INPUT DATA START
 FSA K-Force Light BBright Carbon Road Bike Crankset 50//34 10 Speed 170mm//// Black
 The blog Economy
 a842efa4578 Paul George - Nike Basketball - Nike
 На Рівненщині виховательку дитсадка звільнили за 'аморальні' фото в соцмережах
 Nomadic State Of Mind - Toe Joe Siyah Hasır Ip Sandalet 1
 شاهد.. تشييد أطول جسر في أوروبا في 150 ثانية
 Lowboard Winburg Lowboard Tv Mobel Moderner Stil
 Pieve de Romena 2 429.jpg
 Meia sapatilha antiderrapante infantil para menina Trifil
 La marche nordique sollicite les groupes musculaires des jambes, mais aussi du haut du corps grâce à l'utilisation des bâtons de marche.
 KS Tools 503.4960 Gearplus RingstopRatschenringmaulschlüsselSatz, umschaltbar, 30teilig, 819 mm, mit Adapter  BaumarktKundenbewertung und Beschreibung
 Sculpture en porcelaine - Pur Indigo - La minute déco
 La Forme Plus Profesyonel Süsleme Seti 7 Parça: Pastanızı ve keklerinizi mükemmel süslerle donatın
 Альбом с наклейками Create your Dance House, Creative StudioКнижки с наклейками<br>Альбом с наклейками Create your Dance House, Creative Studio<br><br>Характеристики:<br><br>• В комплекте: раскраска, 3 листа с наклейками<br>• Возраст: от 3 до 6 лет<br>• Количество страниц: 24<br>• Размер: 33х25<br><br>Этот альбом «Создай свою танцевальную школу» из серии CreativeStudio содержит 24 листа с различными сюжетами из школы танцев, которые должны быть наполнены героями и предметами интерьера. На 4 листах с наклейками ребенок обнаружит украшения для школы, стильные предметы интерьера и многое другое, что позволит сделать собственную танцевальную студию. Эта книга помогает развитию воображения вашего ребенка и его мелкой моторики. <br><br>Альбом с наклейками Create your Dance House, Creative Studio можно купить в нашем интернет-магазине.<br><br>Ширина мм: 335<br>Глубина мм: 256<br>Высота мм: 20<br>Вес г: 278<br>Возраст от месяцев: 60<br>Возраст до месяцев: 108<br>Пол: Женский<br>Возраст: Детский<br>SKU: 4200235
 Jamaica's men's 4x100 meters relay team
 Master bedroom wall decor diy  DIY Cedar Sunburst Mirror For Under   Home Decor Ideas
INPUT DATA END
Restate word for word the lines running from the line that holds "La Forme Plus" to the final line of the entries.

--- OUTPUT FOR THIS EXERCISE ---
 La Forme Plus Profesyonel Süsleme Seti 7 Parça: Pastanızı ve keklerinizi mükemmel süslerle donatın
 Альбом с наклейками Create your Dance House, Creative StudioКнижки с наклейками<br>Альбом с наклейками Create your Dance House, Creative Studio<br><br>Характеристики:<br><br>• В комплекте: раскраска, 3 листа с наклейками<br>• Возраст: от 3 до 6 лет<br>• Количество страниц: 24<br>• Размер: 33х25<br><br>Этот альбом «Создай свою танцевальную школу» из серии CreativeStudio содержит 24 листа с различными сюжетами из школы танцев, которые должны быть наполнены героями и предметами интерьера. На 4 листах с наклейками ребенок обнаружит украшения для школы, стильные предметы интерьера и многое другое, что позволит сделать собственную танцевальную студию. Эта книга помогает развитию воображения вашего ребенка и его мелкой моторики. <br><br>Альбом с наклейками Create your Dance House, Creative Studio можно купить в нашем интернет-магазине.<br><br>Ширина мм: 335<br>Глубина мм: 256<br>Высота мм: 20<br>Вес г: 278<br>Возраст от месяцев: 60<br>Возраст до месяцев: 108<br>Пол: Женский<br>Возраст: Детский<br>SKU: 4200235
 Jamaica's men's 4x100 meters relay team
 Master bedroom wall decor diy  DIY Cedar Sunburst Mirror For Under   Home Decor Ideas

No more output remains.